If you realise midway through the accumulation period that the project cannot be completed within the stated time frame, the prudent course is to apply the accumulated funds to a closely related charitable purpose within the remaining period, document the decision formally at board level, and inform the auditor before Form 10B is signed. There is no express statutory provision for extending an accumulation period beyond the original Form 10 declaration — any such extension is a grey area requiring legal opinion and proactive communication with the AO.

Do not rely on a bank FD auto-renewing as a substitute for project application. The FD will roll over automatically; the tax liability will not.


Key Takeaways

  • Form 10 is a pre-condition, not a correction. It must be on record before 31 October of the Assessment Year (for audit-mandated trusts in AY 2027-28); a post-deadline filing provides no Section 11(2) protection whatsoever.
  • "Specific purpose" means project-level precision — name, location, estimated cost, connection to the trust deed. Statements that merely restate the trust's objects have been struck down repeatedly by tribunals and give the AO a valid ground to deny the exemption.
  • Section 11(5) investment compliance is continuous throughout the accumulation period, not just at the date Form 10 is filed. A mid-period switch to a non-permitted mode triggers Section 13(9) from the date of the change.
  • The rupee cost of a missed deadline is quantifiable: on a Rs. 20-lakh accumulation, missing the 31 October deadline costs the trust approximately Rs. 6.66 lakhs in tax, cess, and interest in AY 2027-28 alone — on income that was genuinely earmarked for charitable infrastructure.
  • Form 9A and Form 10 serve different purposes and cannot substitute for each other: Form 9A defers application of unrecovered income to the next year; Form 10 ring-fences a committed sum for a defined project over up to five years.
  • URN accuracy on the portal is non-negotiable: a URN mismatch causes immediate rejection of the Form 10 submission. Verify the URN in the CBDT registration portal before drafting the form, especially if the trust recently renewed or modified its registration.
  • Maintain a formal five-year accumulation register, update it at every board meeting, and provide a running copy to the statutory auditor so that Form 10B accurately reflects application progress each year — and so the trust is never blindsided by a Section 11(3) demand in a later Assessment Year.

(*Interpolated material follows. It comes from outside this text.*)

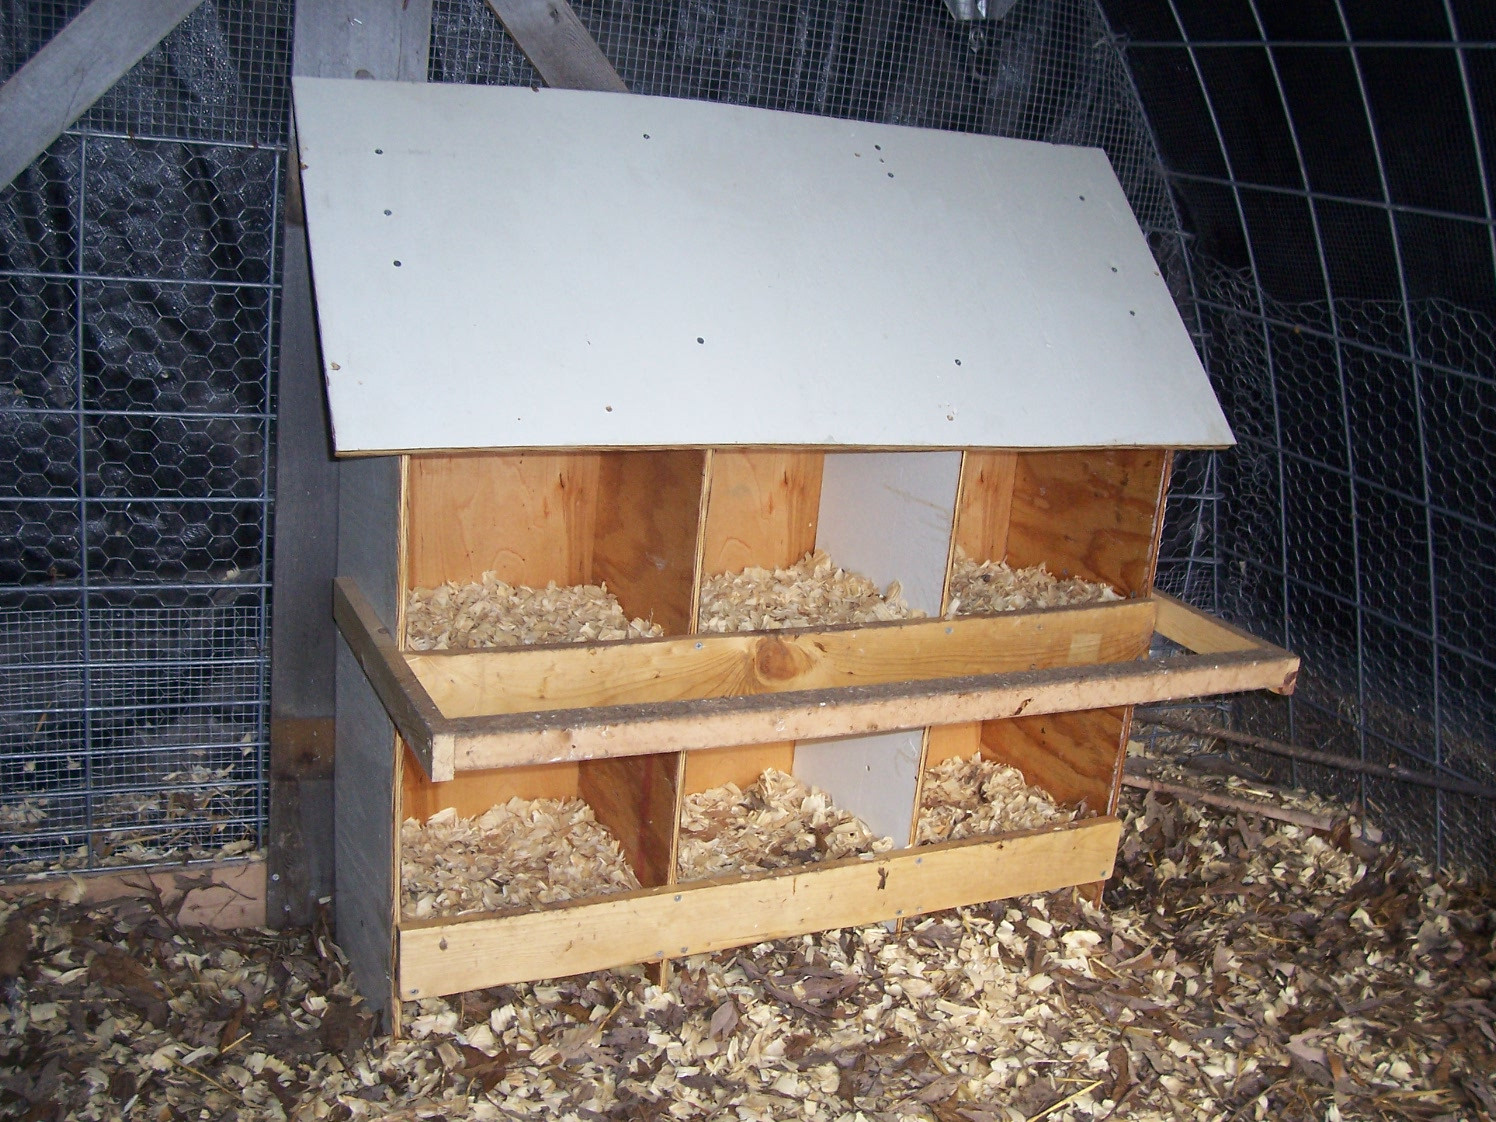 DIY Chicken Nest Box
 Joe s Garden Journal A Low cost easy to build chicken

Frequently Asked Questions

What is Form 10 used for under the Income-tax Act?
Form 10 is used by charitable and religious trusts registered under Section 12A or 12AB to give notice to the Assessing Officer about income that is being accumulated or set apart under Section 11(2) for a specified purpose, when the trust is unable to apply 85% of its income in the same financial year.
What is the deadline for filing Form 10?
Form 10 must be filed electronically on or before the due date for furnishing the income tax return under Section 139(1) for the relevant assessment year. Late filing leads to denial of accumulation benefit, and the unapplied income becomes taxable in the trust's hands.
For how long can a trust accumulate income?
A trust can accumulate income for a maximum period of five years from the end of the previous year in which the income was derived. If the accumulated amount is not applied for the specified purpose within five years, it is treated as the trust's income in the sixth year.
How does Form 10 differ from Form 9A?
Form 9A is filed when income could not be applied during the year because it was not received, and the trust wants to defer application to the year of receipt. Form 10 is filed when the trust chooses to accumulate income for a specific future purpose. Both must be filed before the Section 139(1) due date.
Where must accumulated funds be invested?
Accumulated funds under Form 10 must be invested or deposited only in the modes specified under Section 11(5), such as government securities, scheduled bank deposits, Post Office savings, and units of approved mutual funds. Investments outside this list disqualify the accumulation benefit.